Description

Given an unsorted array of integers, find the number of longest increasing subsequence.

Example 1:

Input: [1,3,5,4,7]
Output: 2
Explanation: The two longest increasing subsequence are [1, 3, 4, 7] and [1, 3, 5, 7].

Example 2:

Input: [2,2,2,2,2]
Output: 5
Explanation: The length of longest continuous increasing subsequence is 1, and there are 5 subsequences' length is 1, so output 5.
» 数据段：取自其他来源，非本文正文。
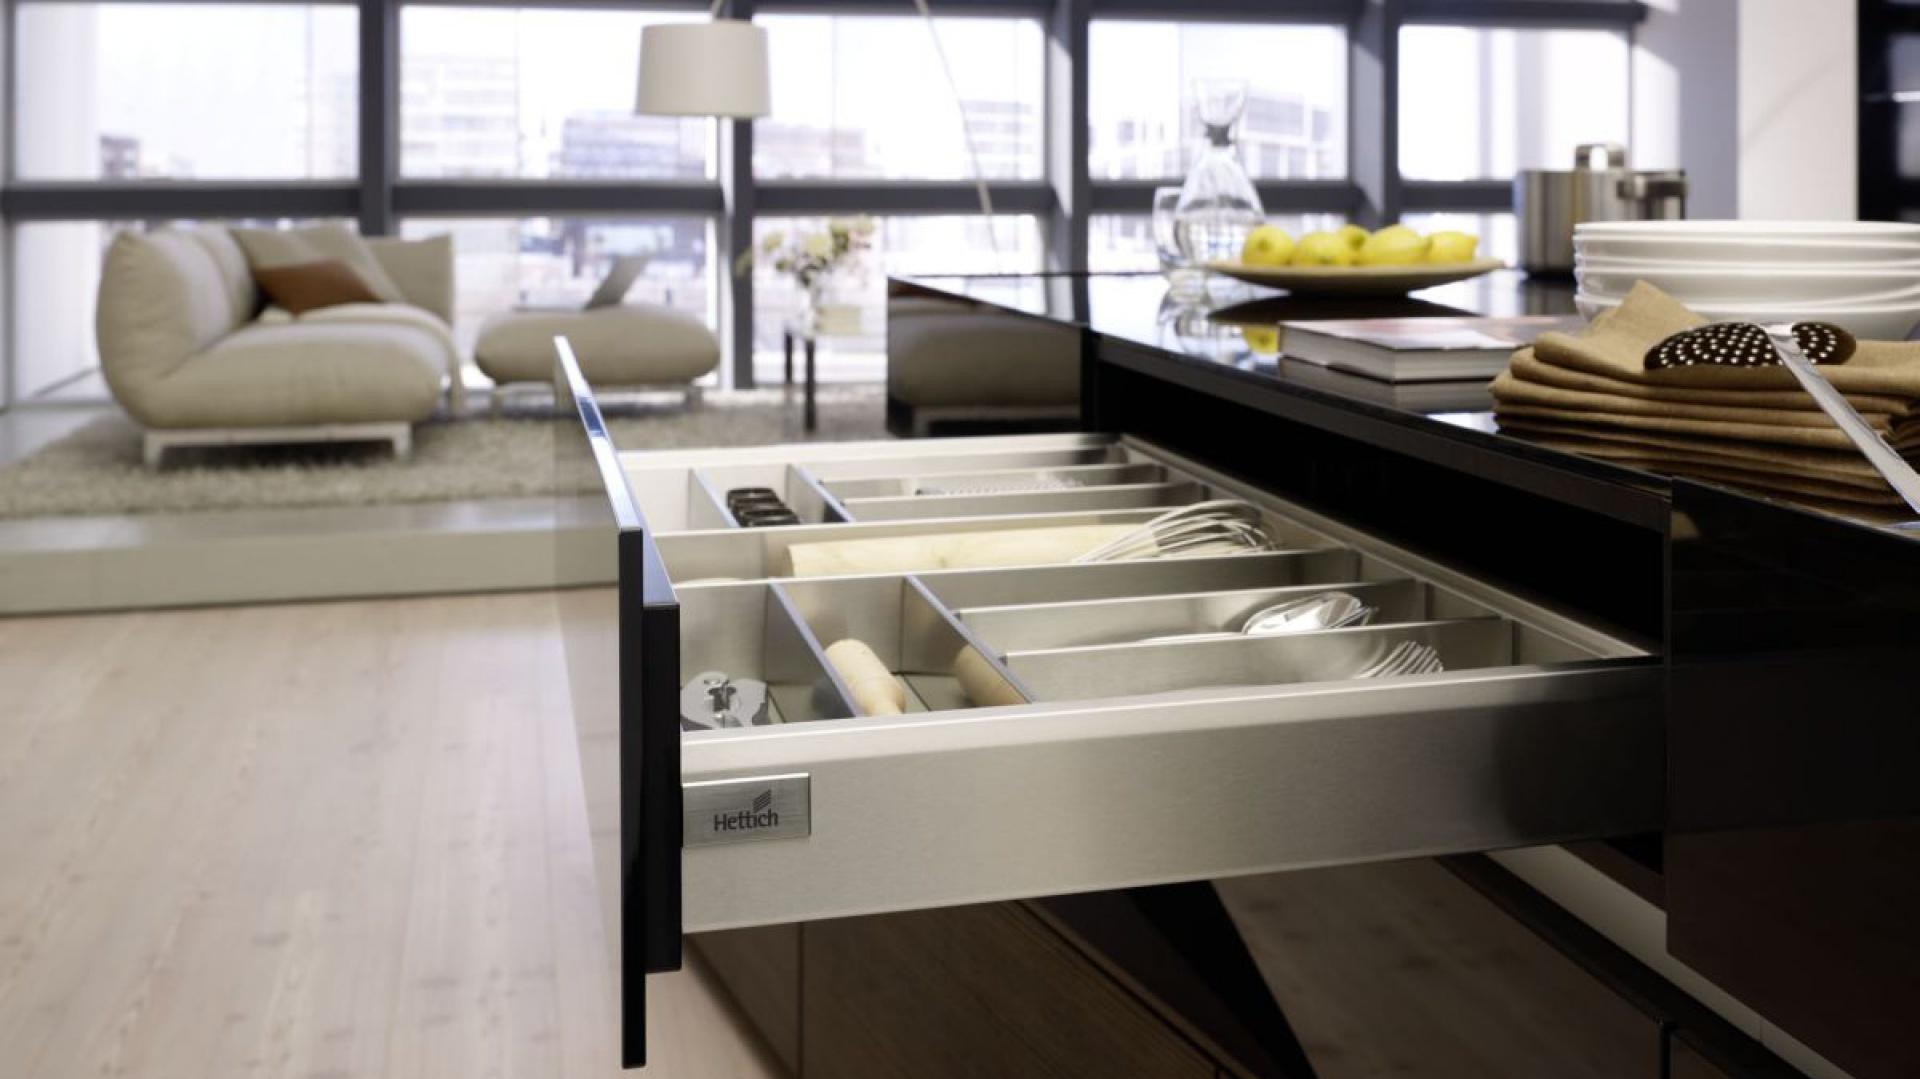 Trudno wyobrazić sobie inne miejsce na przechowywanie sztućców niż niska szuflada. Ale obecnie w kuchni potrzeba czegoś więcej niż miejsca na łyżkę i widelec. Fot. Hettich
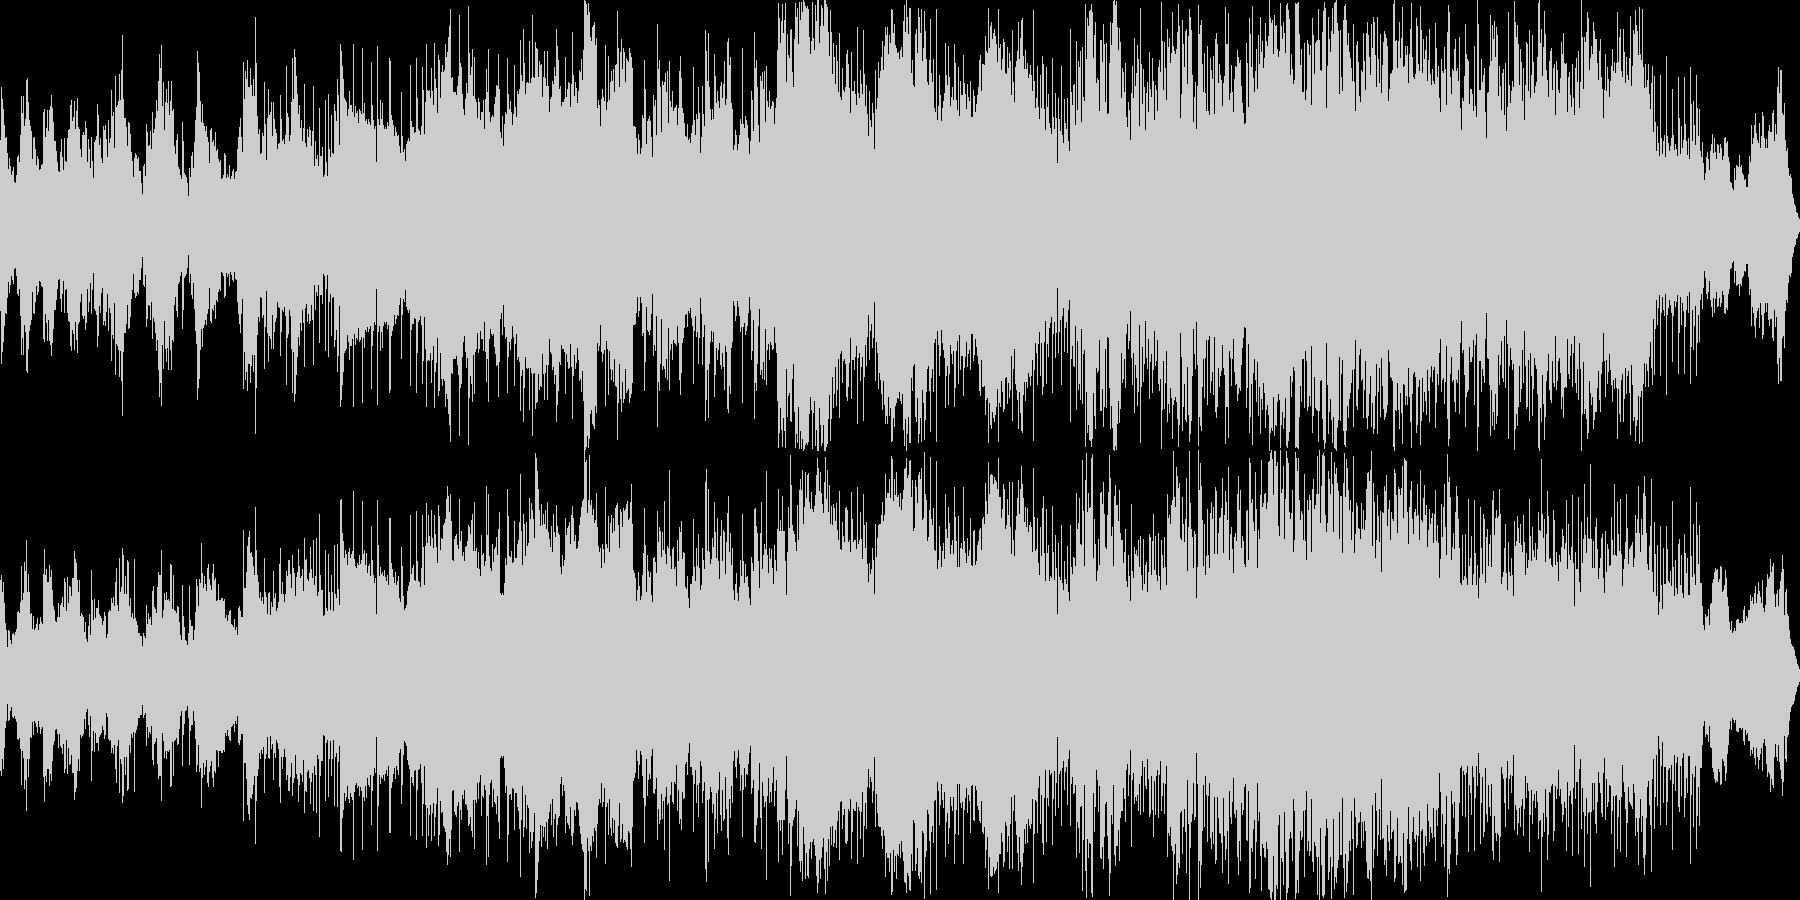 ドンと存在感たっぷりの感動ゴシックメタルの未再生の波形

Note: Length of the given array will be not exceed 2000 and the answer is guaranteed to be fit in 32-bit signed int.

Explain

最近都会做动态规划的题，毕竟动态规划的核心思想是
状态 和 状态方程。当前的状态依赖上一个状态，我们要解这类题就得找出状态转移方程，放在高中就是递推公式。而这道题，和LIS挺类似的。这道题不是求最长递增子串的长度了，是求它的数量了。而我们求出当前的最长长度时，那它的数量就是 maxLen - 1 的数量和，状态转移方程就出来了：dpp[i] = max(dpp[i], dpp[j]+...+dpp[k])(j...k 为dp值为dp[i] - 1的下标)。那么我们就可以用一个dpp数组来记录对应的数量，最后算出最长长度时，遍历一遍数组将dp[i]为最大值的对应的dpp[i]相加就得出结果了。还是看代码吧

Code

class Solution {
public:
    int findNumberOfLIS(vector<int>& nums) {
        if (nums.empty()) return 0;
        int res = 0;
        int maxx = INT_MIN;
        vector<int> dp(nums.size(), 1);
        vector<int> dpp(nums.size(), 1);
        for (int i = 0; i < nums.size(); i++) {
            int count = 0;
            for (int j = 0; j < i; j++) {
                if (nums[i] > nums[j]) {
                    dp[i] = max(dp[j] + 1, dp[i]);
                }
            }
            
            for (int j = 0; j < i; j++) {
                if (dp[i] == 1) count = 1;
                else if (dp[j] == dp[i] - 1 && nums[j] < nums[i]) {
                    count += dpp[j];
                }
            }
            
            dpp[i] = max(dpp[i], count);
            
            maxx = max(maxx, dp[i]);
        }
        for (int i = 0; i < nums.size(); i++) {
            if (maxx == dp[i]) res += dpp[i];
        }
        return res;
    }
};